The availability of large-scale online services (also known as cloud services) is becoming more important as more private and public infrastructure systems take dependencies on these services. The time it takes to detect that a failure has occurred, and the time taken to determine where the fault has occurred in a system are two important factors in determining the length of downtime experienced by a service. As well, determining where (or what) has failed in a complex system also drives the correct mitigation of the fault. Quickly and correctly identifying a fault in a complex system will reduce the amount of downtime experienced by the system–thus improving its availability. The purpose of this research was to compare the performance of a system (named Nova) that used ad hoc Bayesian networks to detect failures and locate faults in a complex, software as a service, cloud offering that is of global scale to the existing detection and scoping system (named Senex) used by this service. This comparison was done to determine if the use of on demand, ad hoc Bayesian networks were faster at detecting failures and locating faults in the system than Senex while maintaining reasonably accurate predictions of the fault scope. Actual service failure data were used for this study. The time that the Senex system took to detect the failure and scope the fault were recorded. The actual failing component was identified and recorded. A simulation was then conducted using the Nova system. The Nova system was passed actual probe data from the time of the failures and the time to detect and identify the failing component recorded along with the identity of the predicted failed components. It was found that the Nova system was significantly faster at detecting failures and identifying faults and that the Nova system was acceptably accurate in its predictions. More study is needed in creating more complex networks that can identify a larger set of issues than the Nova system was able to detect. Further areas of interest would be in identifying the owner of issues using Bayesian networks and incorporating cost into the analysis.
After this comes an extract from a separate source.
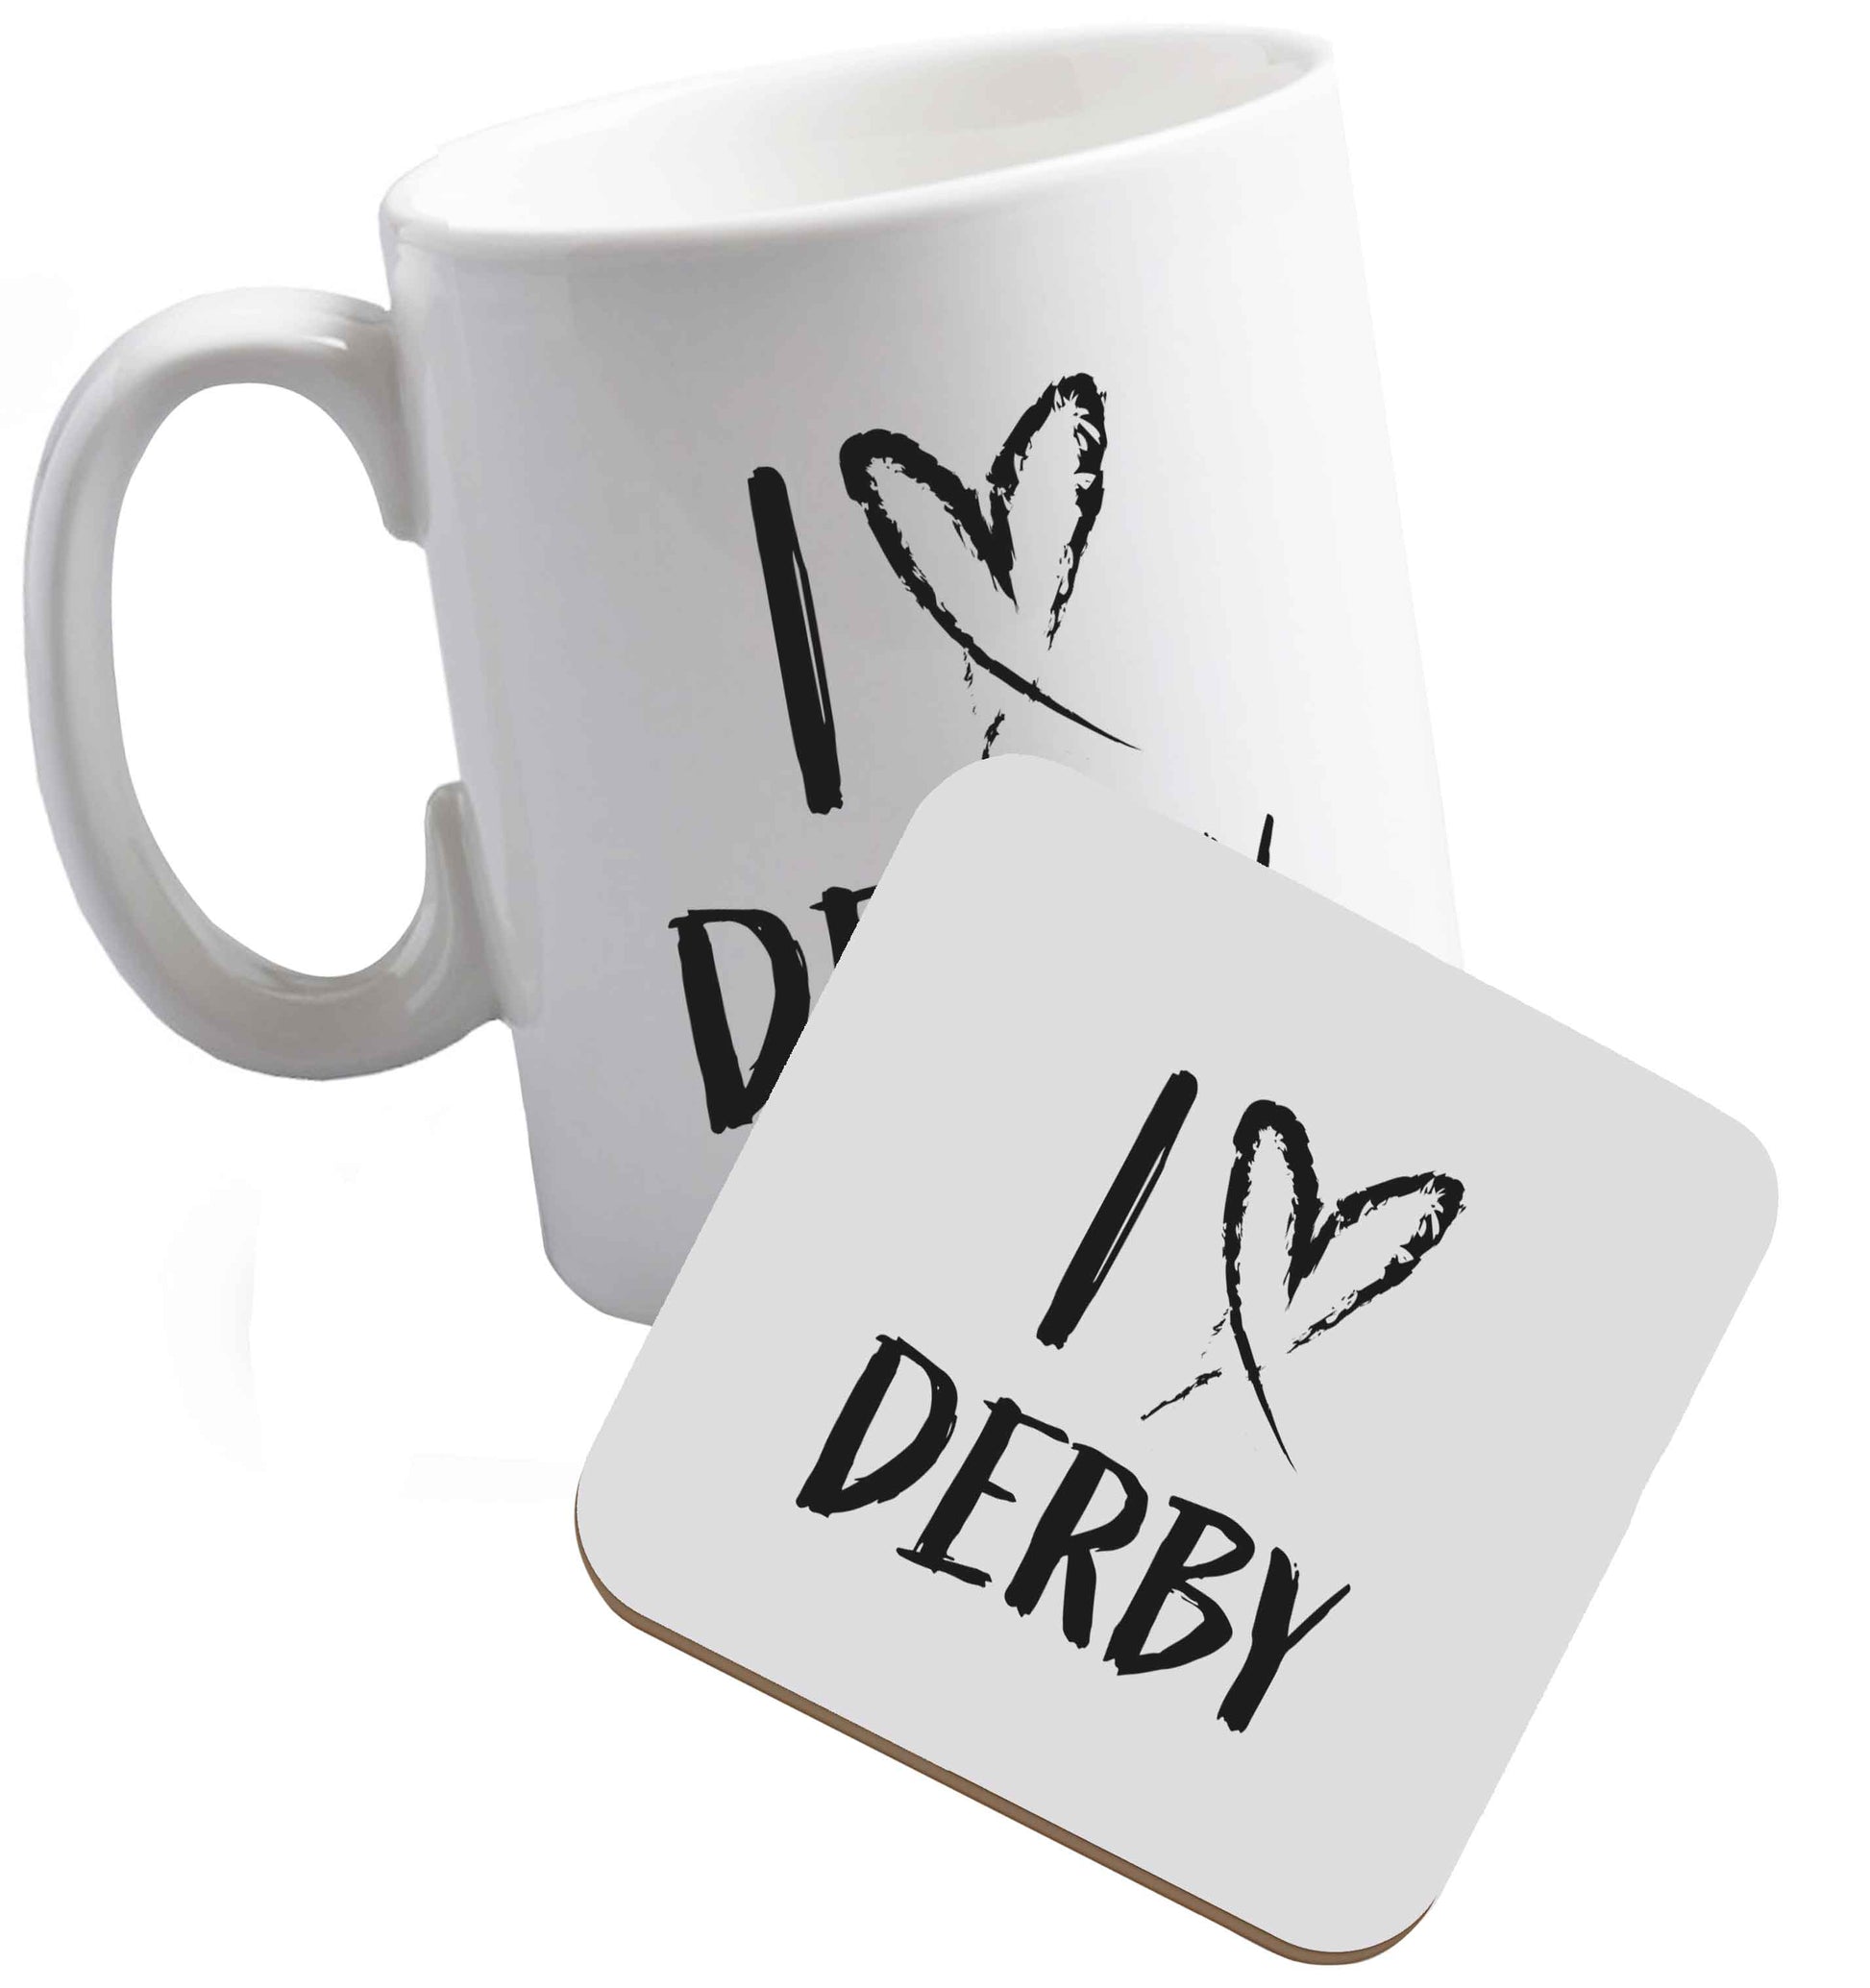 10 oz I love Derby ceramic mug and coaster set right handed

|Commitee:||Blackburn, Timothy, Malalla, Ebrahim|
|School:||The George Washington University|
|School Location:||United States -- District of Columbia|
|Source:||DAI-B 81/4(E), Dissertation Abstracts International|
|Subjects:||Engineering, Computer science|
|Keywords:||Availability, Bayesian networks, Cloud computing, Failure propagation, Reliability|
Copyright in each Dissertation and Thesis is retained by the author. All Rights Reserved
The supplemental file or files you are about to download were provided to ProQuest by the author as part of a
dissertation or thesis. The supplemental files are provided "AS IS" without warranty. ProQuest is not responsible for the
content, format or impact on the supplemental file(s) on our system. in some cases, the file type may be unknown or
may be a .exe file. We recommend caution as you open such files.
Copyright of the original materials contained in the supplemental file is retained by the author and your access to the
supplemental files is subject to the ProQuest Terms and Conditions of use.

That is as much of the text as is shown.